You guys are all so awesome.
My readings were 1 week apart.
The change was - 1st reading he spent the entire time saying what a great guy SM is, how happy he will make me, how we were meant to be together, etc etc etc, how I just need to get through April. May is going to be so much better, commitment 2nd week of May, I'll see SM 2 more times in April, communication will remain open, what a great guy SM is, how he is worth everything I've put up with, etc etc etc.. long term, marriage, the whole thing.
Yesterday, he sounded tired and said I will see SM once @ the end of April (fine with that - who cares) but what upset me was that he started saying how I'll never be a priority to SM, that he won't fulfill me, that he goes out on work functions and he doesn't date anyone but he has a great time and leaves me sitting home alone (I have no idea where that came from??), that he doesn't see a b/f, g/f situation until sometime in JUNE, that I should consider coming up with a date in my head to end things, that he will always use work as an excuse to not be able to fulfill me, he isn't interested in other women but work is his wife, etc.
Then I asked - what about engagement. Last reading you gave me info around that. So he paused for awhile then he said, I'm surprised but I'm seeing late September for engagement, marriage next year. Then he went into a speech about if I want to continue on like this, things will get better and move quickly but that as a woman I shouldn't put up with this. That I deserve more and better, but if I hang in there it will get better. He was all over the place. Almost like flip-flop during reading but negative during the entire thing.
Amy, Jacqueline, everyone has always said what a great guy he is. He is a great guy. But he got my head spinning. So, I have a friend that I read with who said he was reading my FEARS.
And yes, what he said are my fears and I went into the reading with him upset to begin with.

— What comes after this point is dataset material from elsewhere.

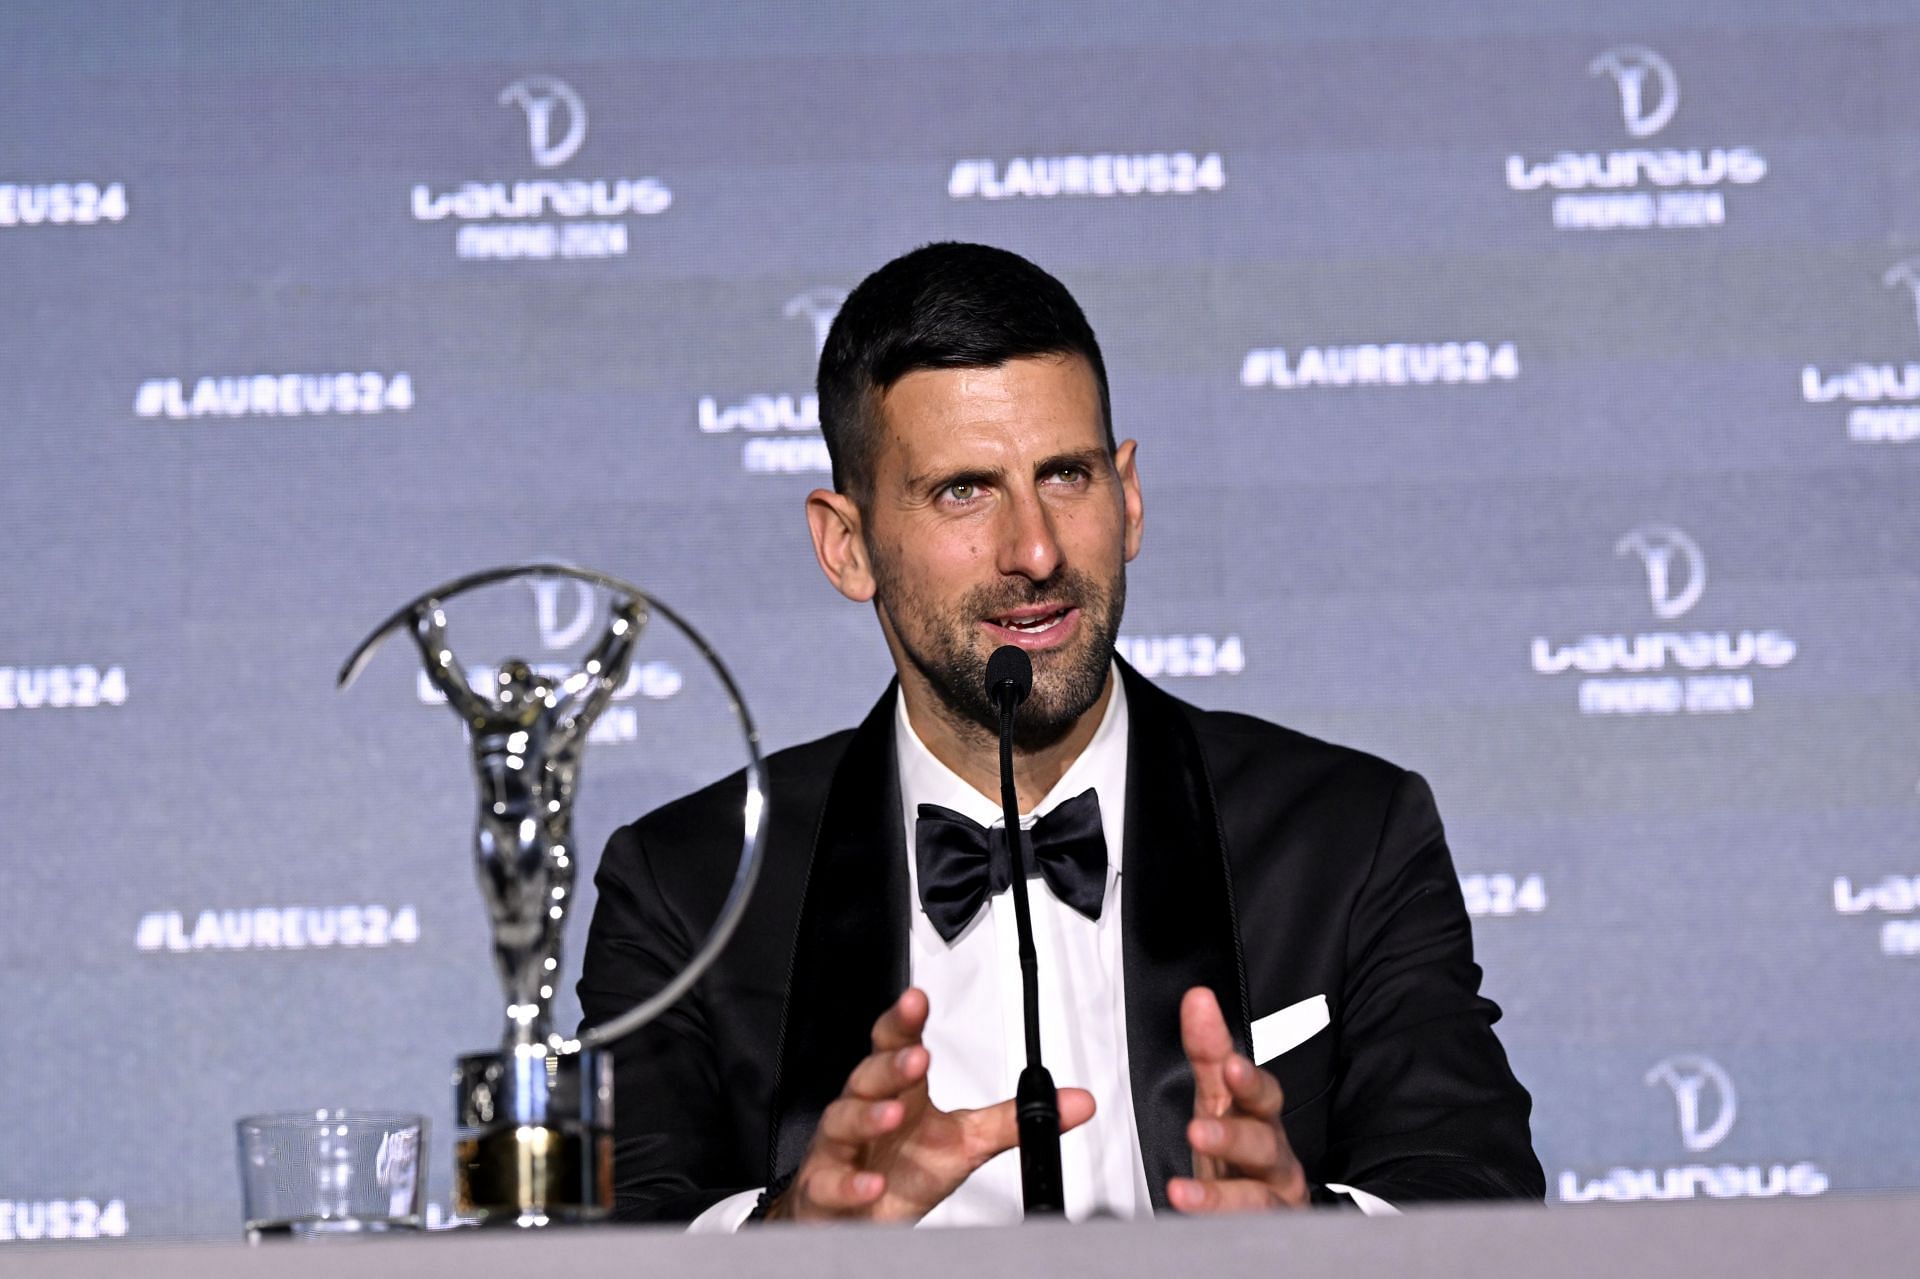 Winners Press Conference - Laureus World Sports Awards Madrid 2024

I don't know. But I was up until 3AM upset over it. My mistake was that I should have questioned his flip flops during the reading so he would have looked deeper, and I shouldn't have called again in the 1st place. I already had my reading from him. I've been anxious over this again and fell into old behavior. I felt like we were getting so close when I saw him, and then when I didn't hear from him for a week I went into panic mode and started dialing. I have a reading from William (end of February) and it says - there will be silence in April from April 8-18th. Last time I heard from him was April 8th. Amy also mentioned a small pullback in April. I knew it was coming.